I have a PCI Wireless G card in storage. I suppose I could try that and see if the problem goes away. Very strange though that everything ELSE works fine in USB ports both front and rear, and this Linksys USB NIC works fine in a different computer build. Kind of wish I had another Windows 7 32-bit build though to test to see if its something driver wise with regards to Windows 7 32-bit and the Linksys as for my comparison was a 64-bit Windows 7 system, but also the hardware was way different too. I suppose if I wanted to troubleshoot that advanced into this matter I could swap out the SSD that is in it with a 120GB IDE HDD that I have since this motherboard has a ATA100 for up to 2 drives and install Windows 7 64-bit to my wifes system on this 120GB drive and just dont activate the key since its trial basis only to test this NIC with 64 bit Win 7.

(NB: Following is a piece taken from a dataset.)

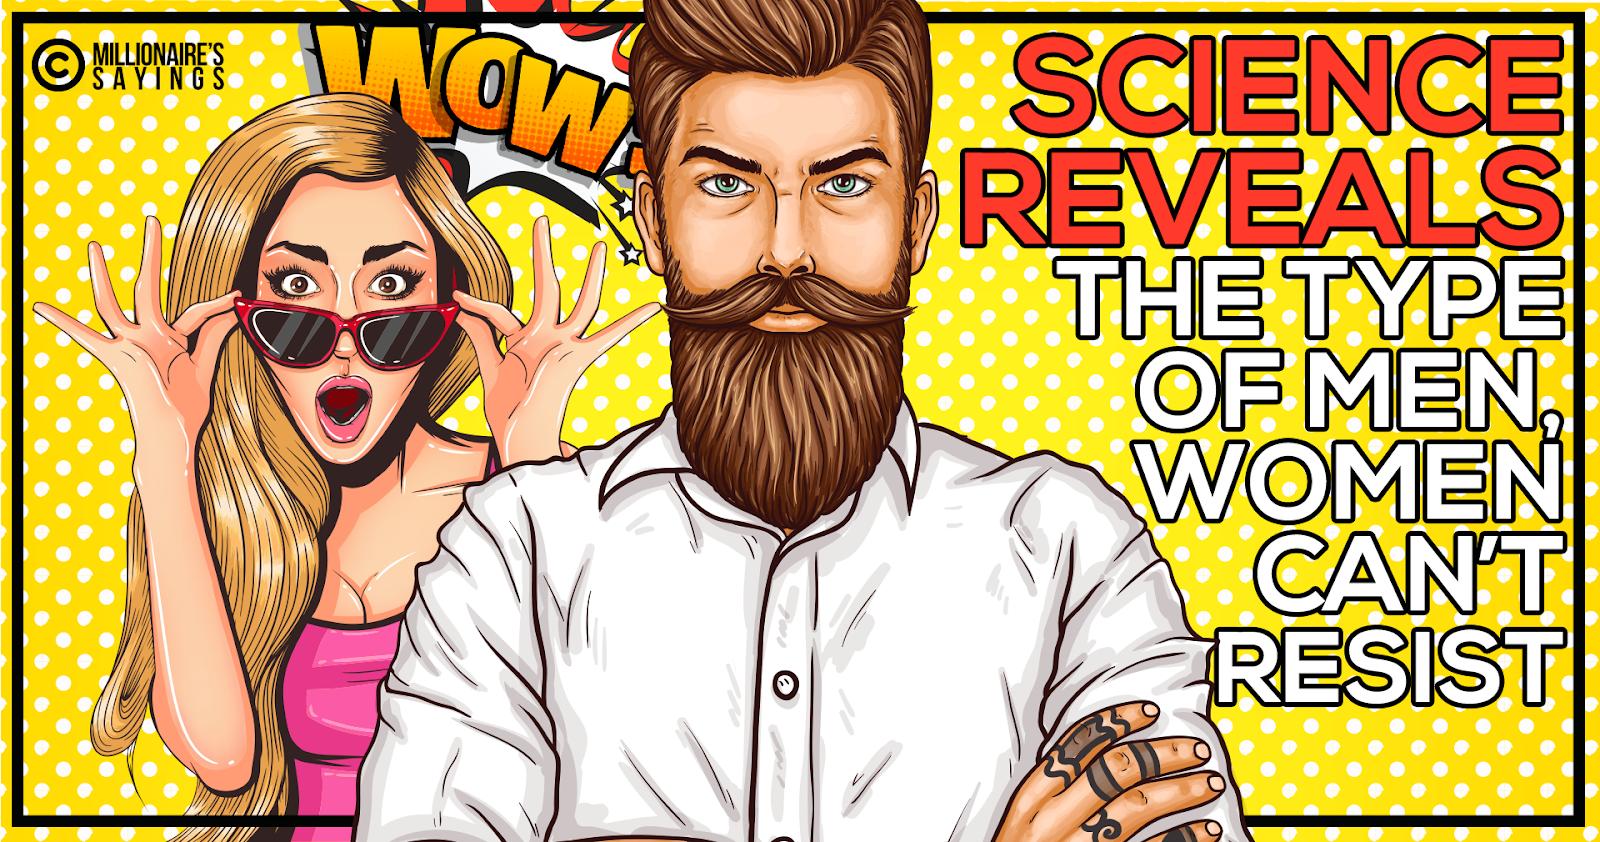 Science reveals the type ofmen women can't resist

If I can find that Wireless G NIC that is PCI I will try that route to see if I can get it to behave I guess. I also have an oscilloscope and can look at the USB port to see how clean the 5V is etc.... maybe the 5V is dirty, although generally if you have issues with power and USB you will have devices disconnecting and reconnecting on their own with the da-dunk sound or a message about exceeding bus power etc.
The problem will go away when you use a different wireless adapter.